I’m reminded of being at a mining conference in WA where the then Minister for Mines and Petroleum gave a keynote presentation. He ended by inviting everyone to stay around for a raffle – “the prize is a free Aboriginal Heritage clearance.” The miners roared with laughter. The Minister re-used the joke at the time of the raffle – allowing us to record this sick joke about the religion and culture of Australia’s first people. When played back to him in Parliament, he scoffed and said it was taken out of context.
Just around the corner from Mt Margaret is Mulga Rocks – the site of the latest uranium mine proposal by a company which has recently changed its name to Vimy Resources. Vimy is like an all-star cast with a former Fortescue Metals Group (FMG) executive as Director, a former Liberal MP on the Board of Directors and generously funded by Twiggy Forrest. Vimy recently submitted a scoping study for Mulga Rocks, which is near Kalgoorlie and adjacent to the Queen Victoria Springs an A Class Nature Reserve.
In submissions made to the scoping study, the DAA provided comment in response to the proposal saying the company should minimise impact to Aboriginal Heritage, should consult with the DAA and the Central Desert Native Title Service, and suggesting that some sites may still be under the protection of the not- yet gutted Aboriginal Heritage Act.

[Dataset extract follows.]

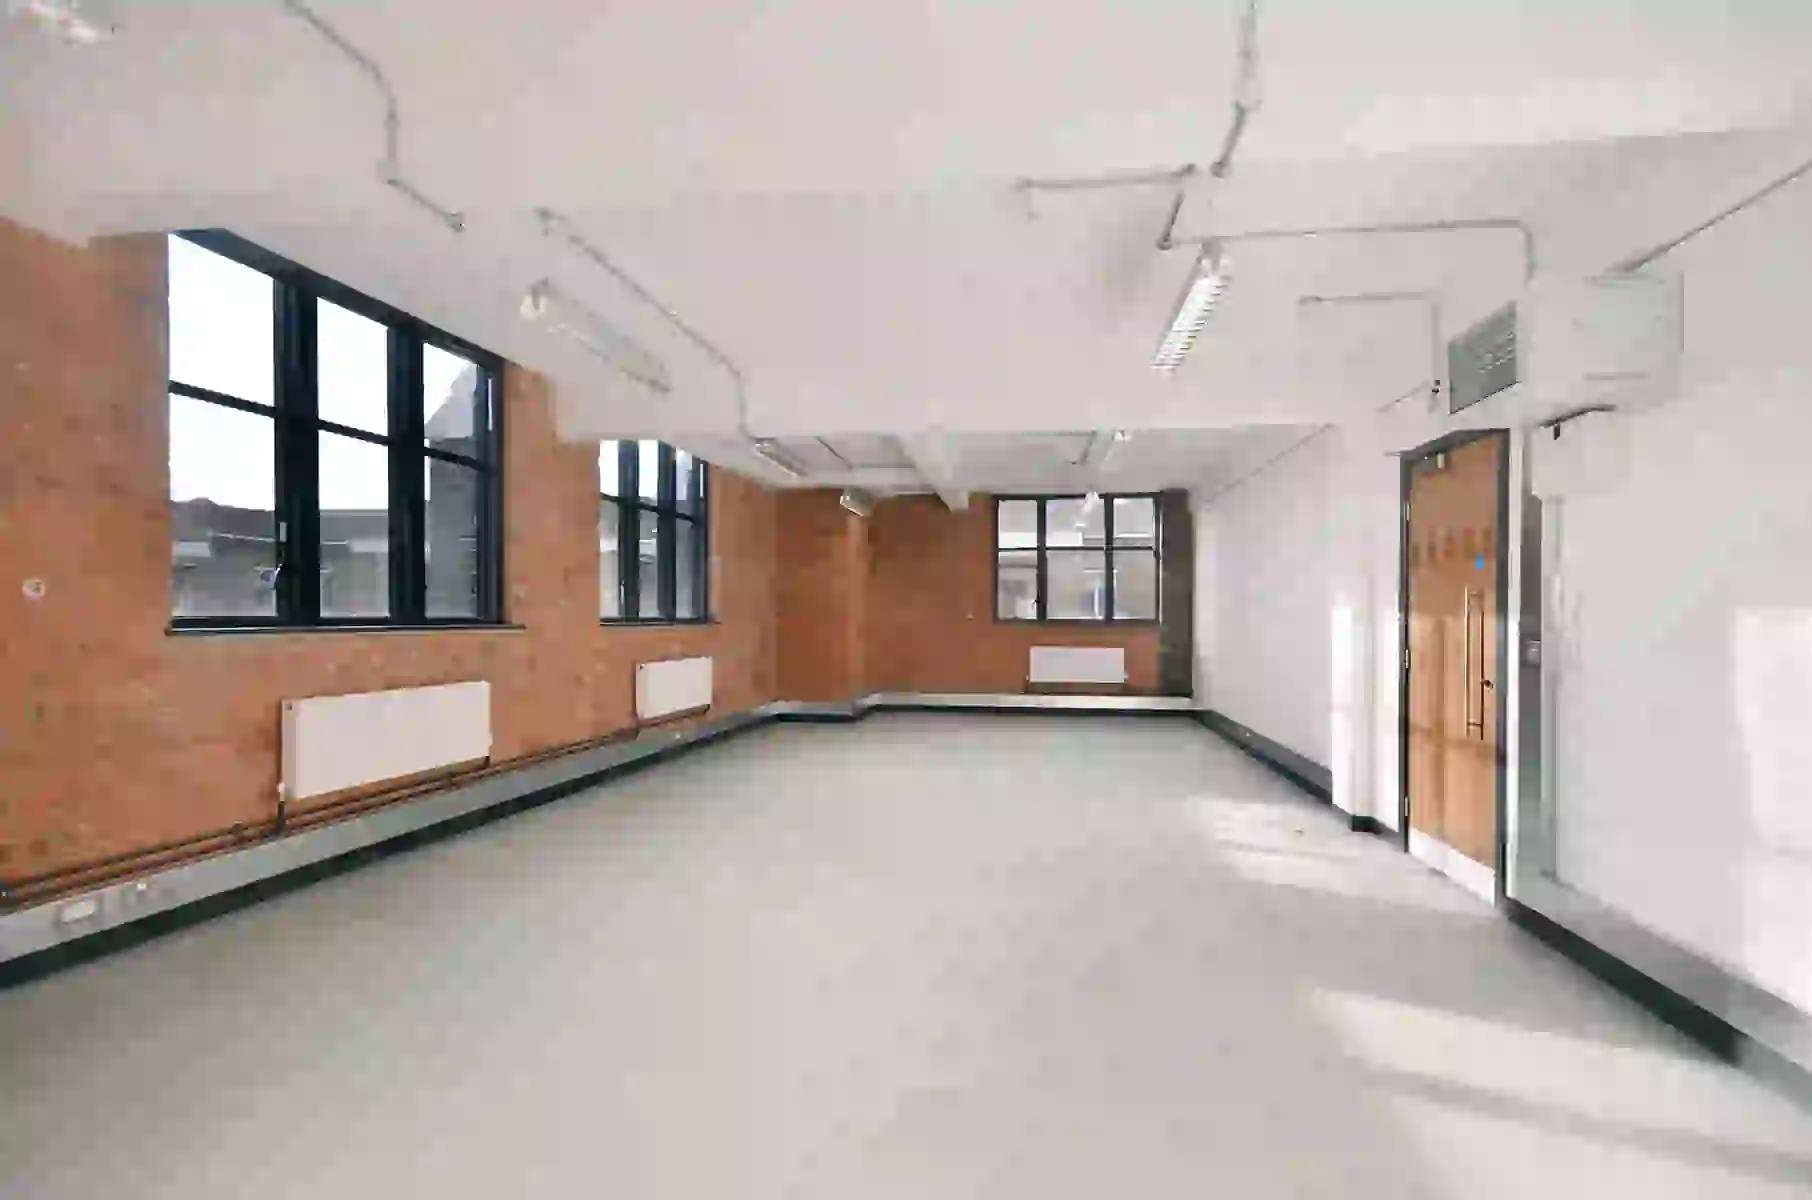 Office space to rent at Pill Box, 115 Coventry Road, Bethnal Green, London, unit PB.311, 637 sq ft (59 sq m).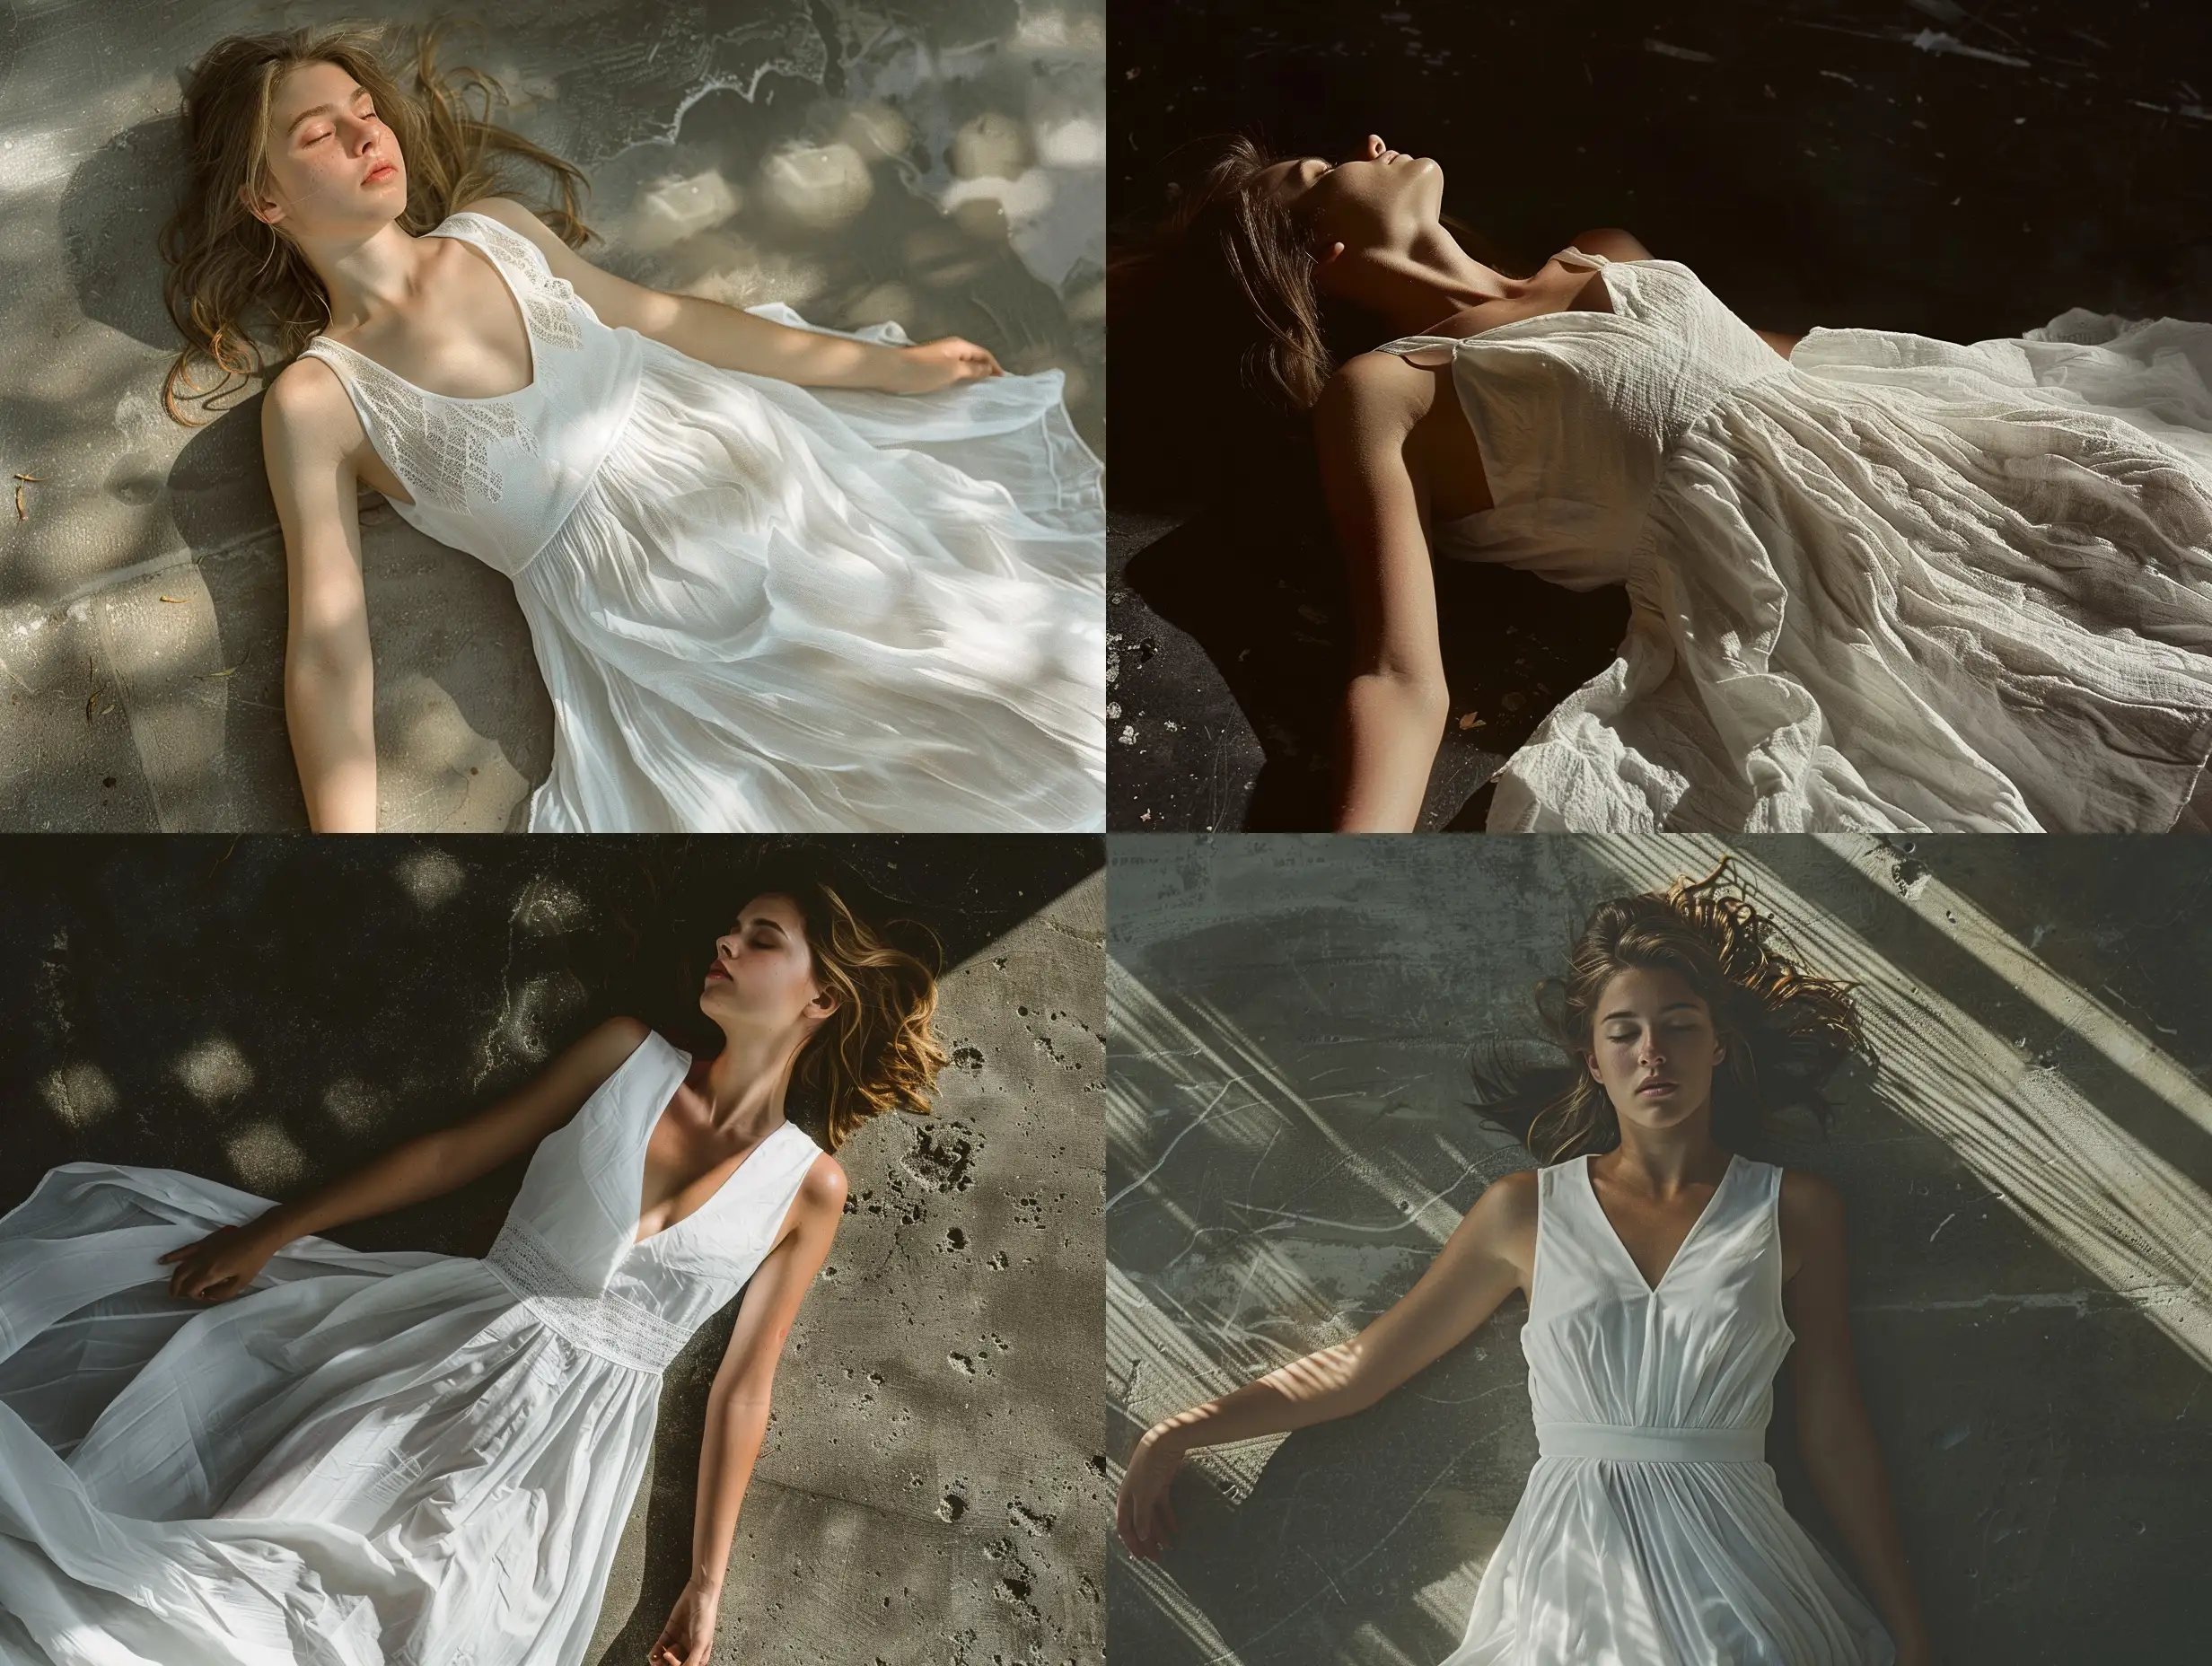 Girl-in-Modern-Sleeveless-Dress-Lying-on-Ground-in-Film-Photography-Style

The company responded: “No Native Title Groups claim the areas and no traditional owners undertake any traditional activities in the area.”
That comment was based on a 1982 ‘study’ by an American anthropologist – using a dubious methodology for the study. The Anthropologist just kind of asked around in the nearest town (150km away), a process that identified at least one family who used to go out, no further inquiries were made about that family. The family survived and live in the area but are yet to be consulted. Neighbouring communities and interested communities are yet to be consulted and the company refuses to consult, stating the project won’t impact anyone so there’s no need.
The closest community to the proposed Mulga Rocks mine is called Coonana and has been on the Government’s hit- list of communities to close down for many years. Slowly but surely the WA Government has cut all funding to the community and it is now virtually a ghost town. Coonana is a refugee community, people that have been moved from community to community over generations. Known as the Spinifex people, they came across the border from South Australia following the nuclear weapons tests at Maralinga and Emu Field in the 1950s.
The Government used to kick Aboriginal people hitching a free ride west off the train but then had a bright idea: give Aboriginal people a free ride west and get them off the atomic bomb testing sites permanently. The dislocation that began during the bomb tests is very much alive today.
The starvation of services to Coonana should send alarm bells in light of the proposal to close 150 remote communities. At Oombulgurri in the Kimberley, the strategy was to demolish houses … no resettlement, no alternative housing, nothing. As the country tries to heal from centuries of displacement and bad Government policy, this Government is creating another generation of displaced people.
The changes to the Aboriginal Heritage Act are due to be debated in the WA Parliament in the first quarter of 2015. The plans to shut 150 remote Aboriginal communities are much more secretive − the Premier Colin Barnett has promised consultation but has refused an invitation from the Kimberley Land Council to join a joint Land Councils meeting about the closures.
Proposals to use royalties money from the mining industry to meet the funding shortfall have been squashed by the Premier. As the mining boom crashes and the Government’s focus is on supporting industry rather than communities, we are expecting further attacks on communities and culture to make it easier and cheaper for mining companies to get projects off the ground.